Running live experiments
The second structural impediment has to do with how expensive it is to determine effectively the predictive value of new data. Like any experiment, you hypothesise about what variables may have predictive power, you run tests and then you analyse whether or not the variables taught you anything new about the outcomes.
In lending what does this mean? It means that you have to lend a lot of money to a lot of people, and hope a good number of these loans default. If no one defaults on the loans, then you get your money back but you have learned nothing. Without a lot of defaults you cannot possibly estimate whether or not one of you new variables might have predicted it.
If you already have a large amount of loan data you could mitigate your losses by backtesting. You could append your new variables to the existing loans and backtest to see if a new risk model would have had more predictive power. This, however, presupposes that you have a large dataset of loans already issued and repaid or not. It also presupposes that you can somehow append the new data – advantage incumbents.
To be successful at either approach requires:
1 High levels of conviction – a strong hypothesis that the data you laboured to collect may actually be legal and predictive.
2 Real analytical chops – you have the capabilities, expertise and technology to find a signal in the data.

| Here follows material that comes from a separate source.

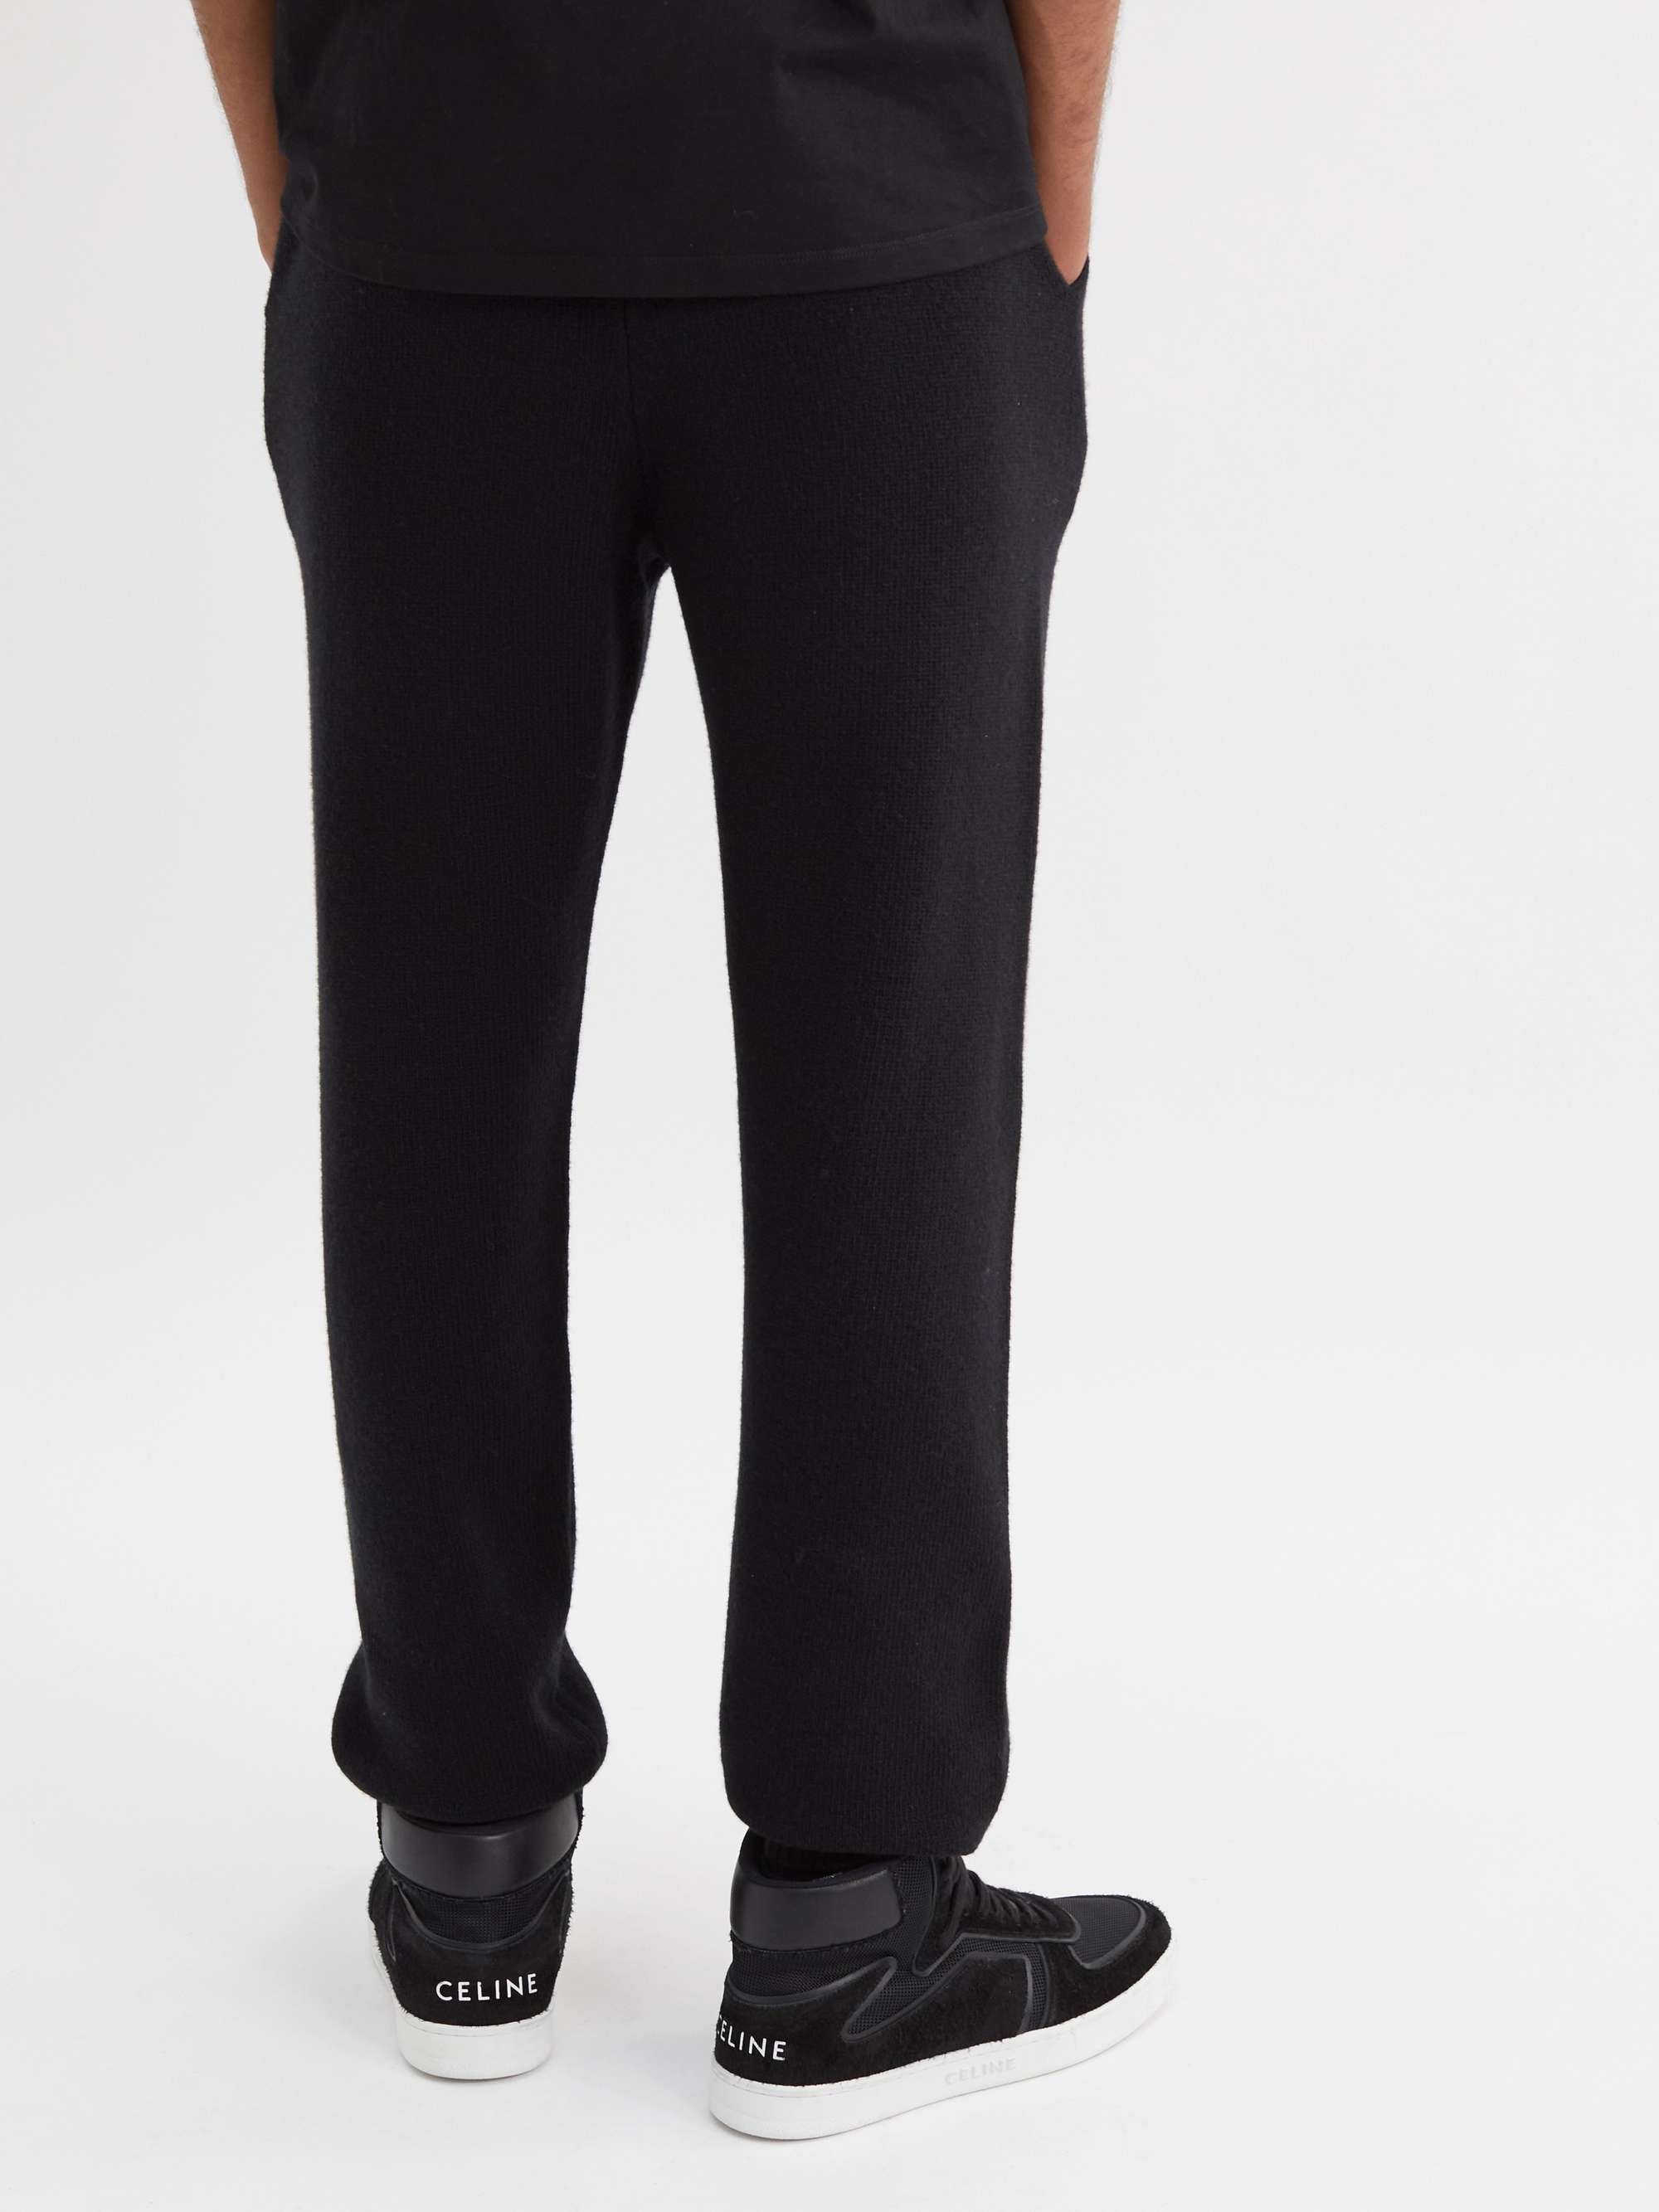 CELINE Tapered Wool and Cashmere-Blend Sweatpants

3 Existing loan data – you have something to backtest against.
4 Deep pockets – you have enough dry powder to run live experiments and sustain losses.
5 Patience – you have enough time, and money, to watch your loans default, and sufficient wisdom to learn from it.
Items 1 and 2 may explain why we are not seeing traditional incumbents tackling this. Items 3, 4 and 5 may explain why we are not seeing VC funded startups winning in this space.
What is inside the box?
The third structural impediment has to do with transparency. Machine learning technology has the promise to deliver enhanced predictive value to lending models that should easily surpass that of traditional logistical regression models. However, these new models and the underlying techniques must be explainable to regulators. If machine learning delivers highly predictive insights but regulators cannot understand what is happening inside the “black box”, we will be at a standstill.
This is a solvable problem but it will take time. Technologists and data scientists must strive to make models that are easily understood and accessible. In parallel, regulators must evolve and build their own teams of data scientists who can scrutinise and manage the risk stemming from machine learning-based underwriting.
Here incumbents may have the slightest edge, only in that they have built an expertise out of explaining things to regulators.
I am convinced that, at its core, finance has unlimited potential to be a transformative force for good. On a daily basis, this is in large part what gets me out of bed. When it comes to lending, banks have a unique opportunity and responsibility to transform the way risk is assessed for the underbanked. The impact of new risk models for consumer lending alone could bring millions into the financial mainstream, and have a huge impact on social mobility globally. Let’s get to work.